About Primo Water Corporation
Primo Water Corporation is a rapidly growing provider of multi-gallon purified bottled water, self-serve filtered drinking water and water dispensers sold through major retailers throughout the United States and Canada. Primo Water’s products provide an environmentally friendly, economical, convenient and healthy solution for consuming purified water.
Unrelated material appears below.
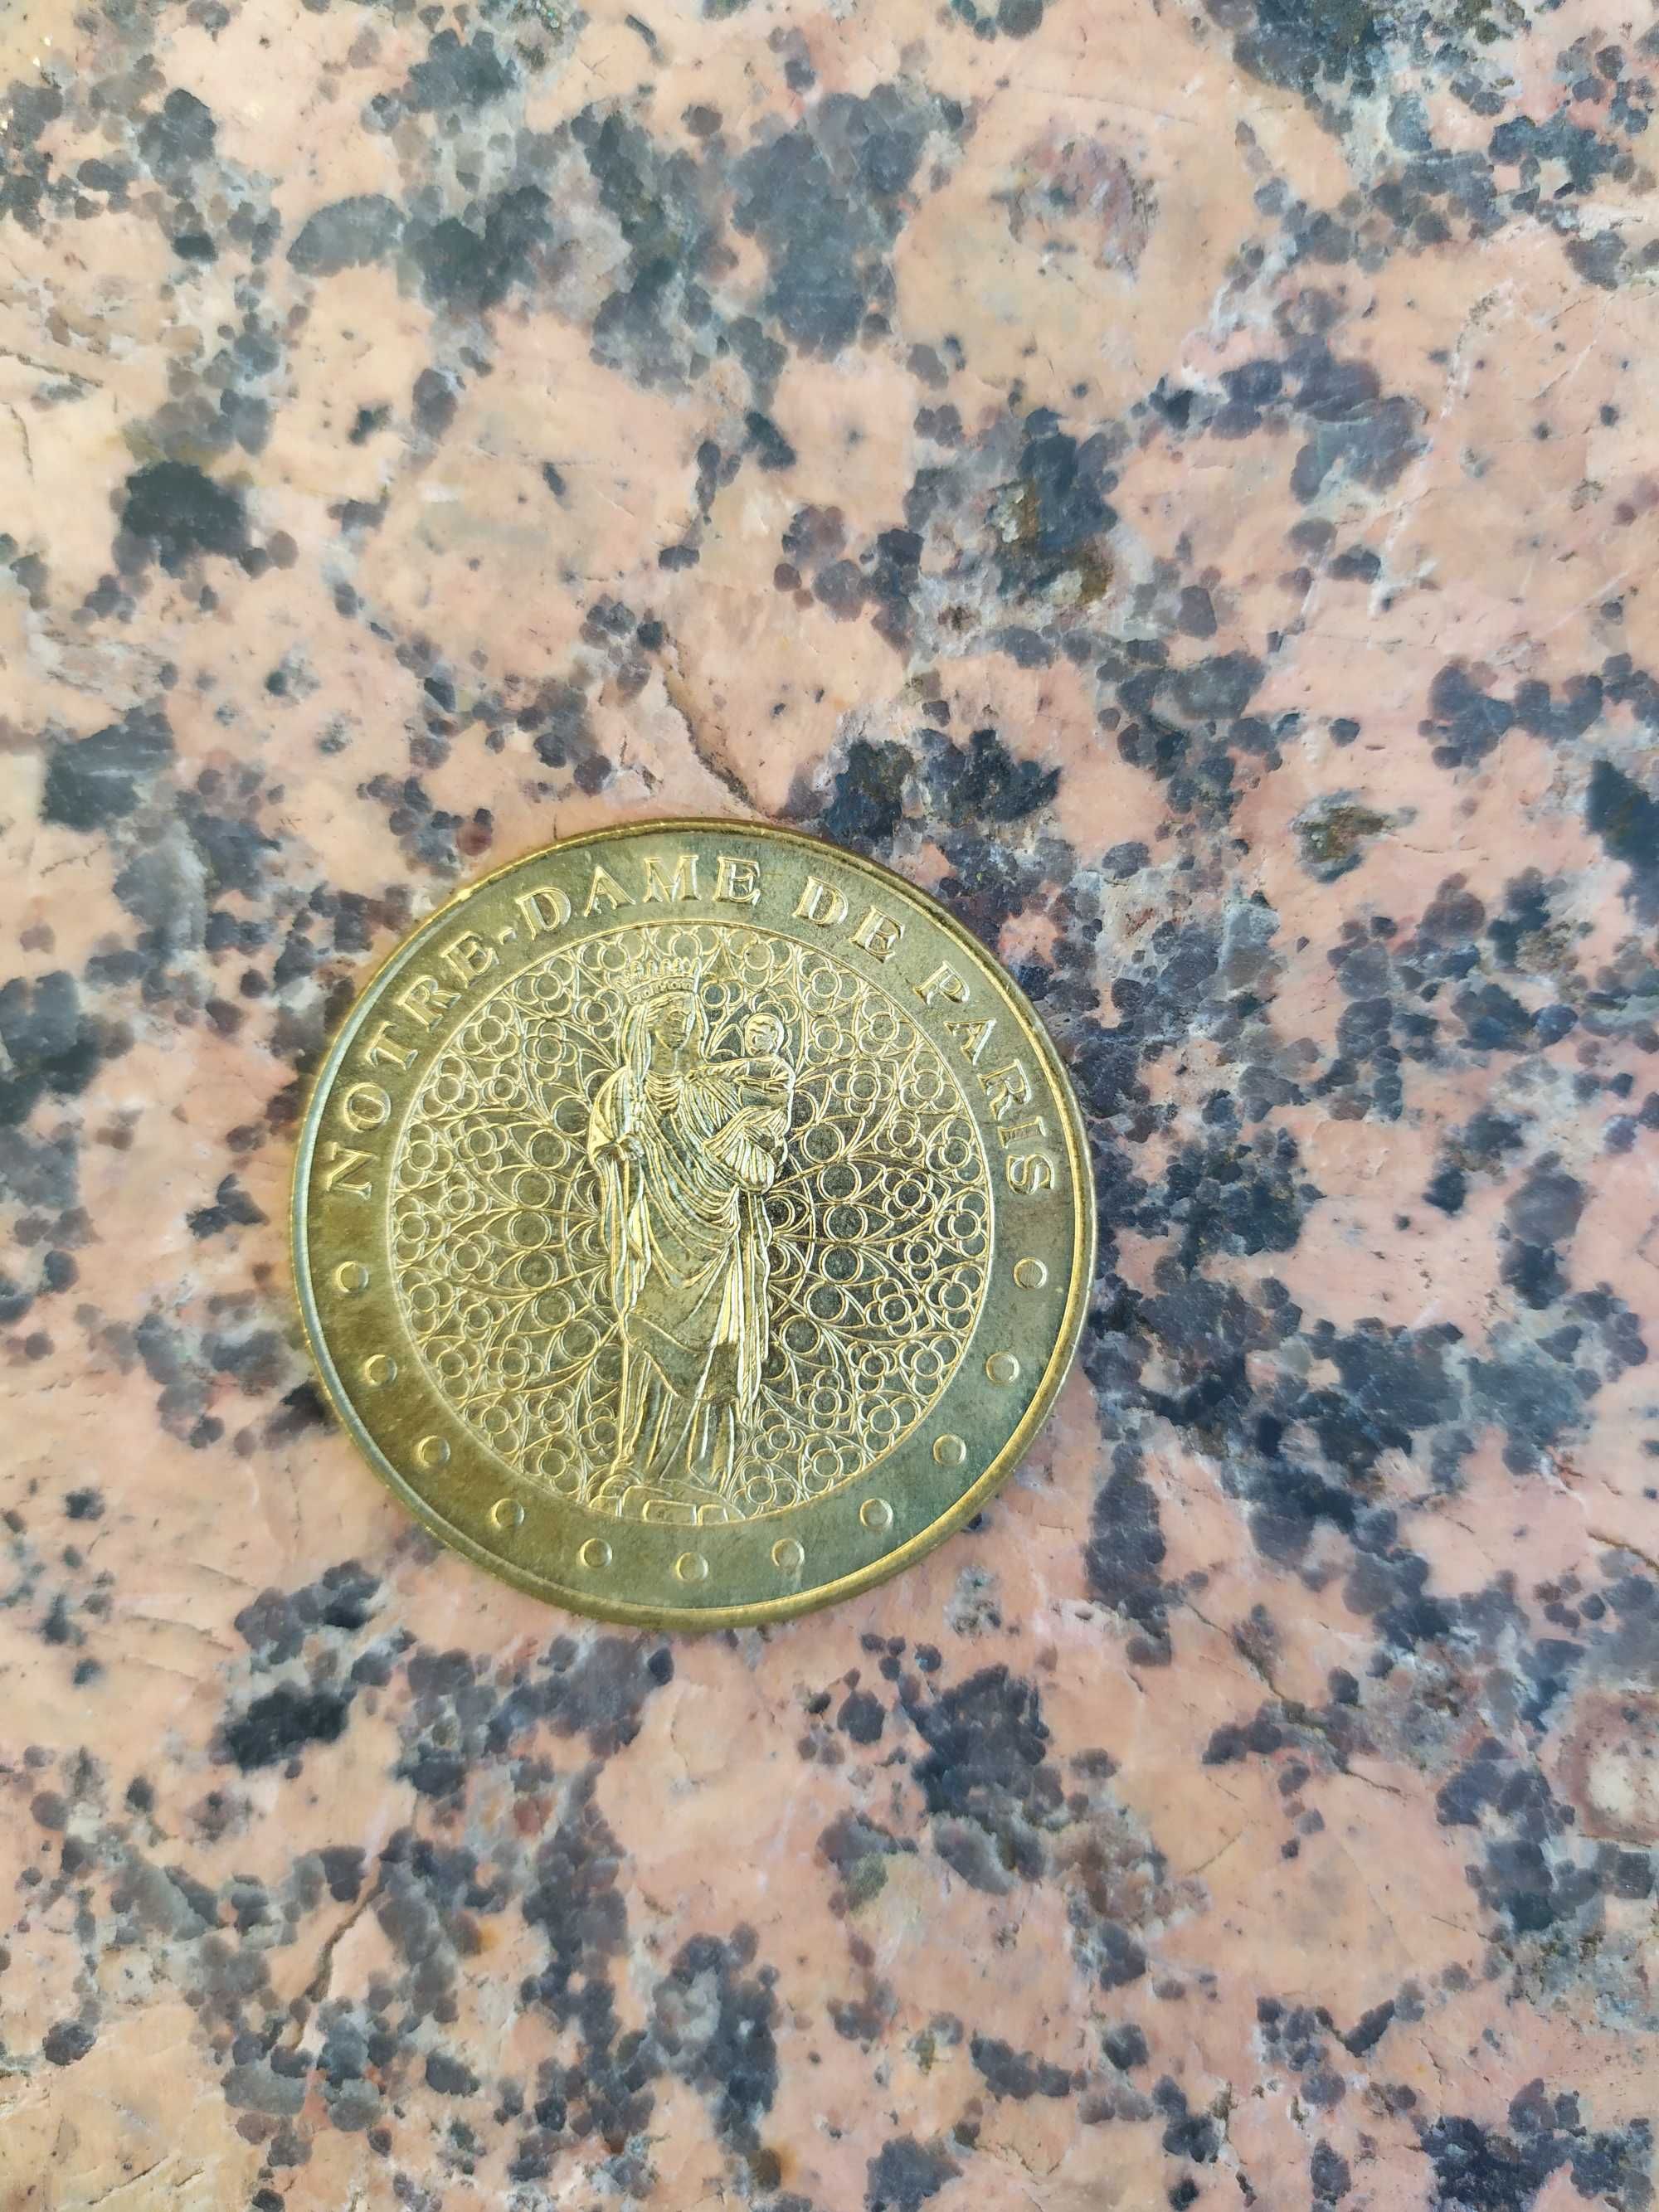 шкатулка старинная латунная., монеты юбилейные, кокарда

Forward-Looking Statements
This press release contains forward-looking statements that are based on the beliefs and assumptions of Primo Water’s management and on information currently available to its management. Forward-looking statements include information concerning Primo Water’s anticipated use of the net proceeds received by it from the offering. Forward-looking statements include all statements that are not historical facts and can be identified by terms such as “anticipates,” “believes,” “could,” “seeks,” “estimates,” “expects,” “intends,” “may,” “plans,” “potential,” “predicts,” “projects,” “should,” “will,” “would” or similar expressions and the negatives of those terms.
Forward-looking statements involve known and unknown risks, uncertainties and other factors that may cause Primo Water’s actual results, performance or achievements to be materially different from any future results, performance or achievements expressed or implied by the forward-looking statements. These risks are discussed in greater detail in the “Risk Factors” section of the registration statement relating to the public offering described herein and in other documents filed by Primo Water with the Securities and Exchange Commission. Given these uncertainties, you should not place undue reliance on these forward-looking statements. Also, forward-looking statements represent the beliefs and assumptions of Primo Water’s management only as of the date hereof.
Except as required by law, Primo Water assumes no obligation to update these forward-looking statements publicly, or to update the reasons actual results could differ materially from those anticipated in these forward-looking statements, even if new information becomes available in the future.